Synthesis of some quinoline-2(1H)-one and 1, 2, 4 - triazolo [ 4 , 3 -a ] quinoline derivatives as potent anticonvulsants.

Purpose: A new series of substituted quinoline-2(1H)-one and 1,2,4-triazolo[4,3-a]-quinoline derivatives were designed and synthesized to meet the structural requirements essential for anticonvulsant properties.

Methods: 4-substituted-phenyl-3,4-dihydro-2(1H)-quinolines, 5-substituted-phenyl-4,5-dihydro-1,2,4-triazolo[4,3a]quinolines and 5-substituted-phenyl-4,5-dihydro-1,2,4-triazolo-[4,3-a]quinoline-1-(2H)-ones derivatives were synthesized using 3-substituted-phenyl-N-phenyl-acrylamide as a starting material. Their anticonvulsant activity were evaluated by maximal electroshock (MES) test, subcutaneous pentylenetetrazol (scPTZ) test, and their neurotoxic effects were determined by the rotarod neurotoxicity test.
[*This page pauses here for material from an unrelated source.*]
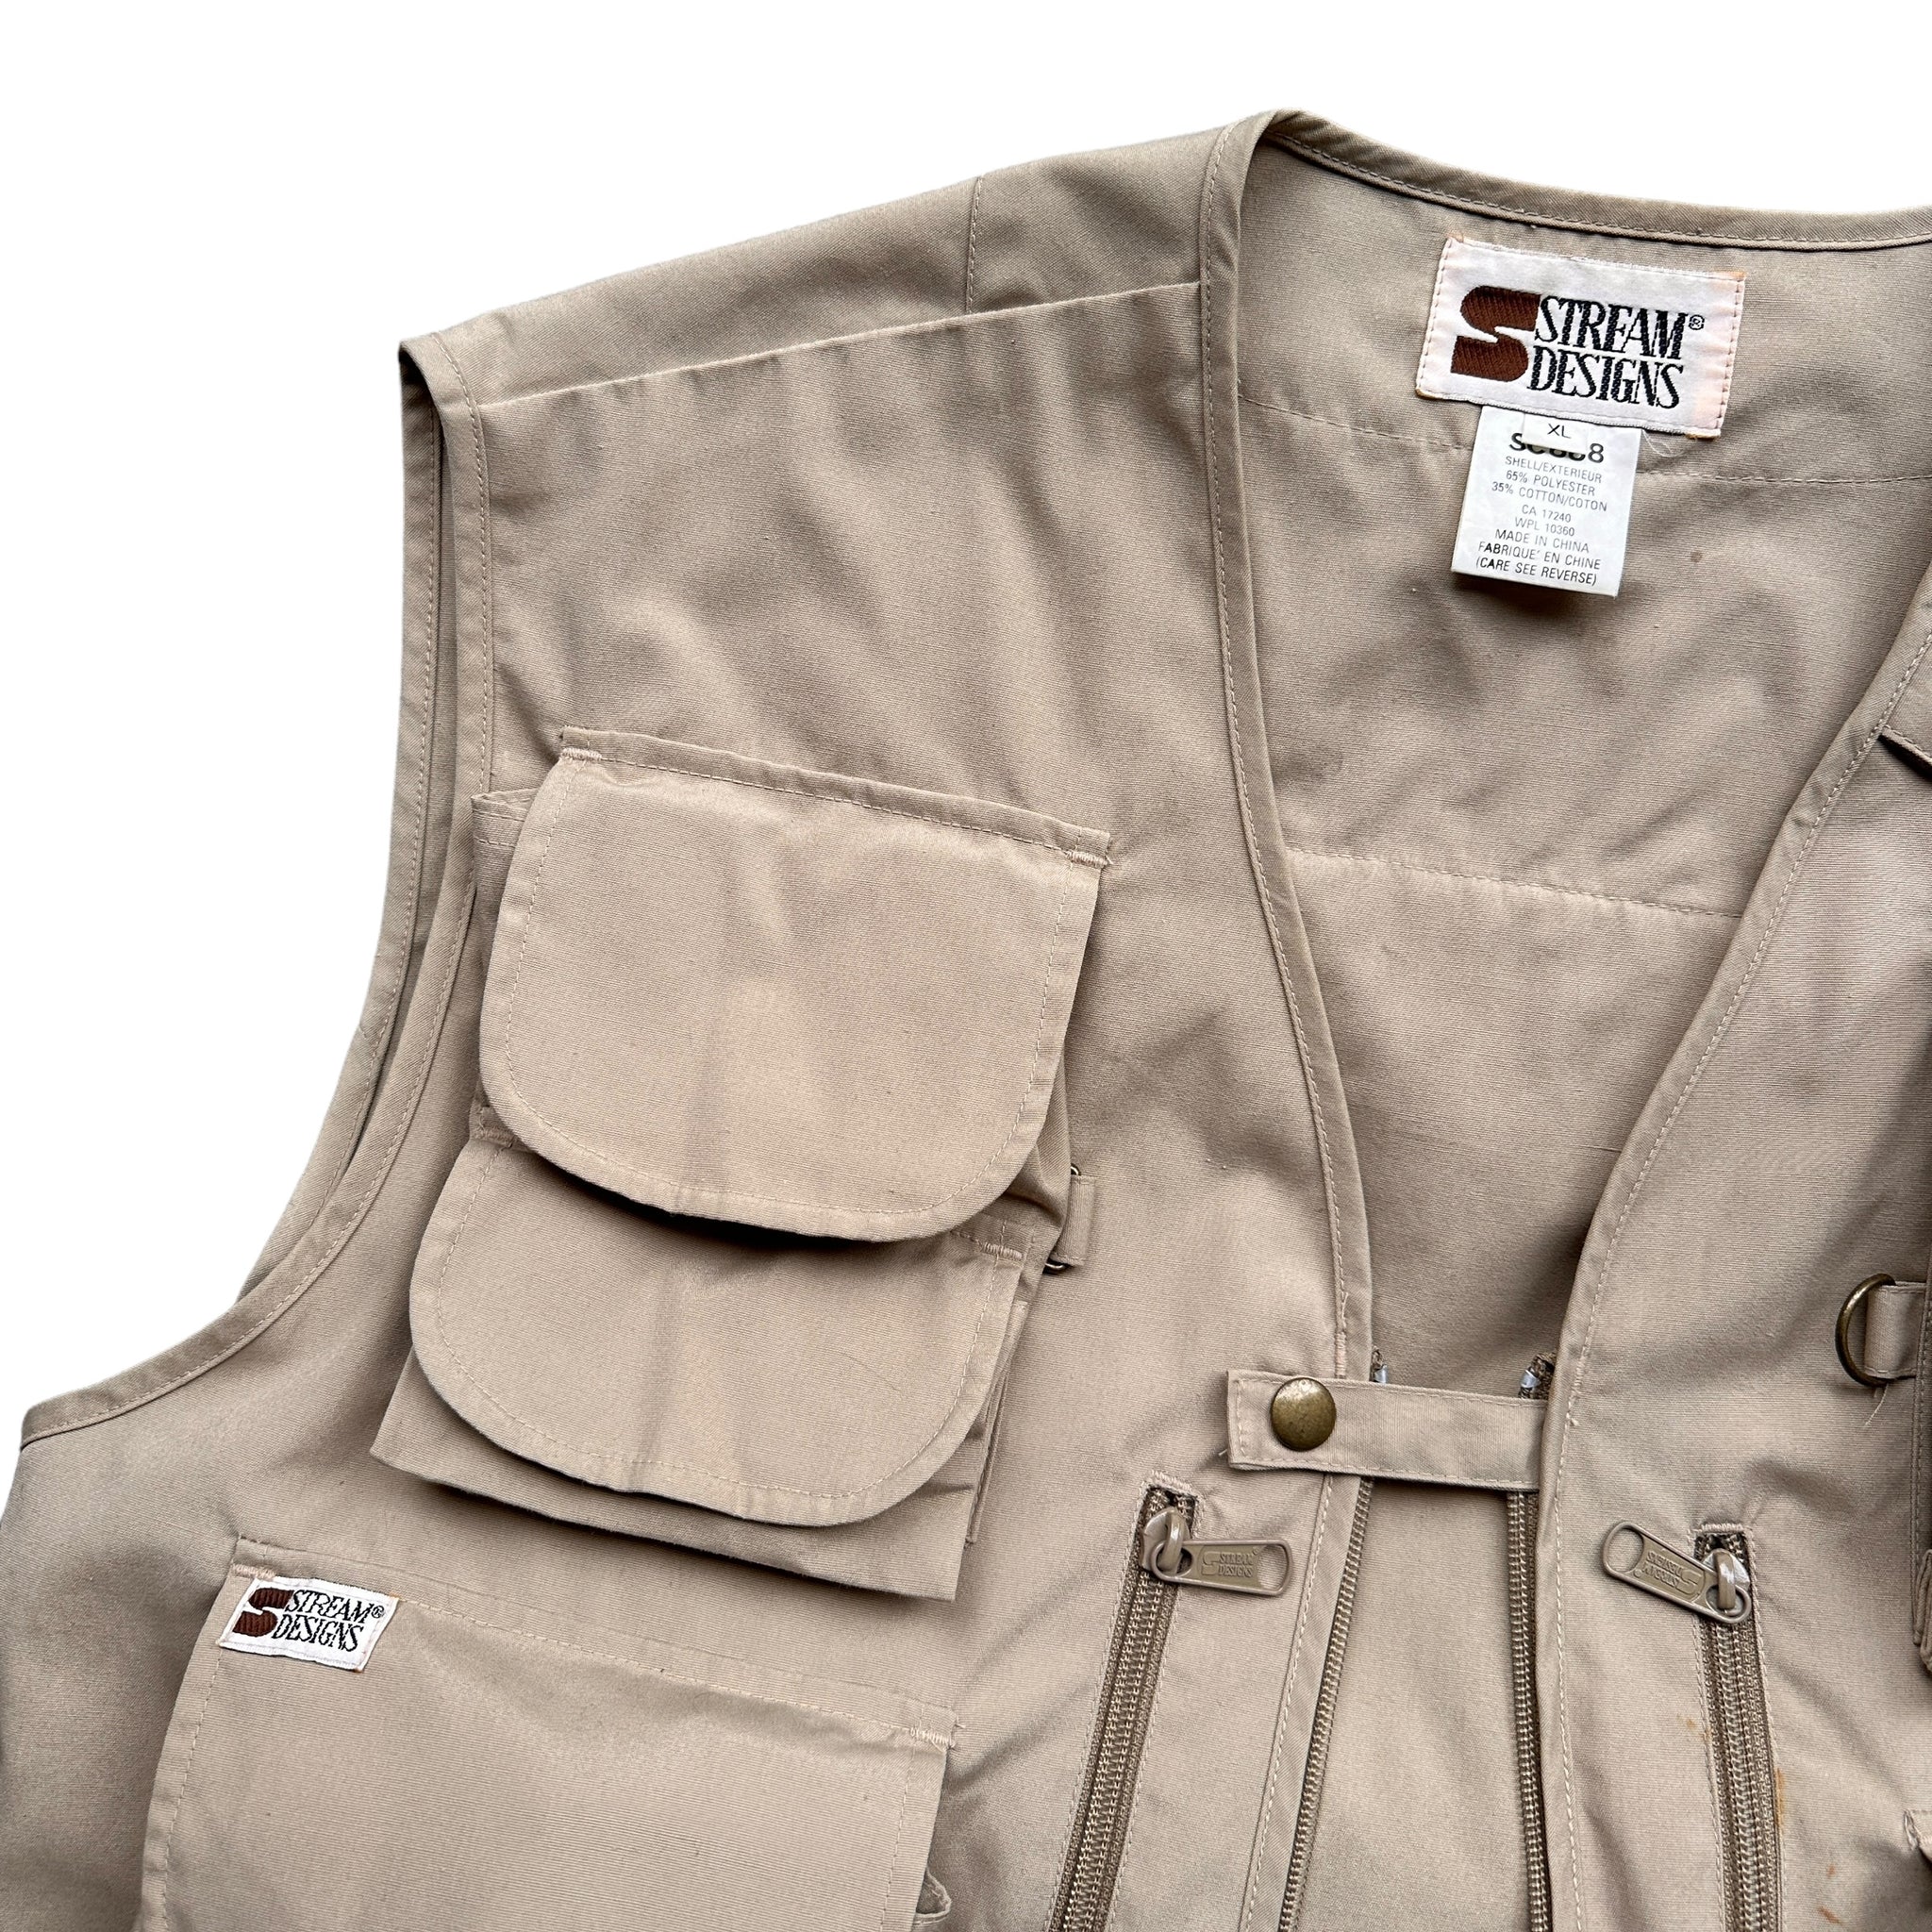 90s Fishing vest with the good pockets XL

Results: The compounds 4-substitued-phenyl-3,4-dihydro-2(1H)-quinolines (2a-f) had increased anticonvulsant effects compared to the parental compounds. The compounds 5-substituted-phenyl-4,5-dihydro-1,2,4-triazolo[4,3-a]quinolines (3a-f) had significantly increased anticonvulsant activity compared to 2a-f. However, the compounds 5-substituted-phenyl-4,5-dihydro-1,2,4-triazolo[4,3-a]quinoline-1(2H)-ones(4a-f), exhibited no anticonvulsant effects even under a high dose of 300 mg/kg.
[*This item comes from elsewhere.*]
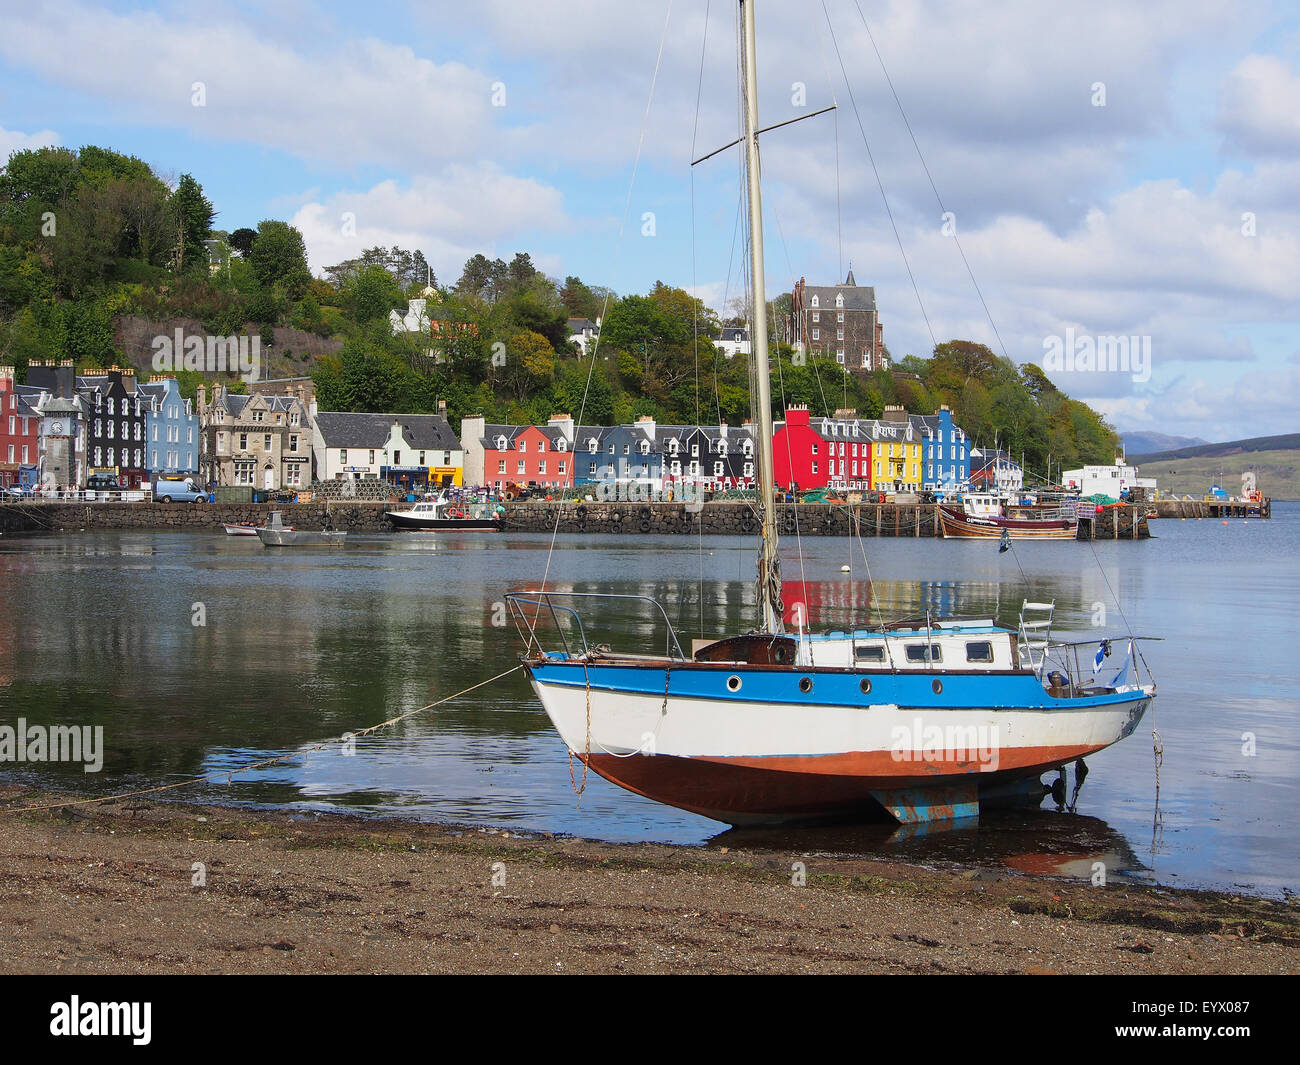 colourful-village-of-tobermory-on-the-is

Conclusions: The triazole, but not the triazolone, modified series showed stronger anticonvulsant effects than the parent compounds. Among them, compound (3f), 5-(p-fluorophenyl)-4,5-dihydro-1,2,4-triazolo[4,3-a]quinoline, showed the strongest anticonvulsant effect with ED50 of 27.4mg/kg and 22.0mg/kg in the anti-MES and anti-PTZ test, respectively.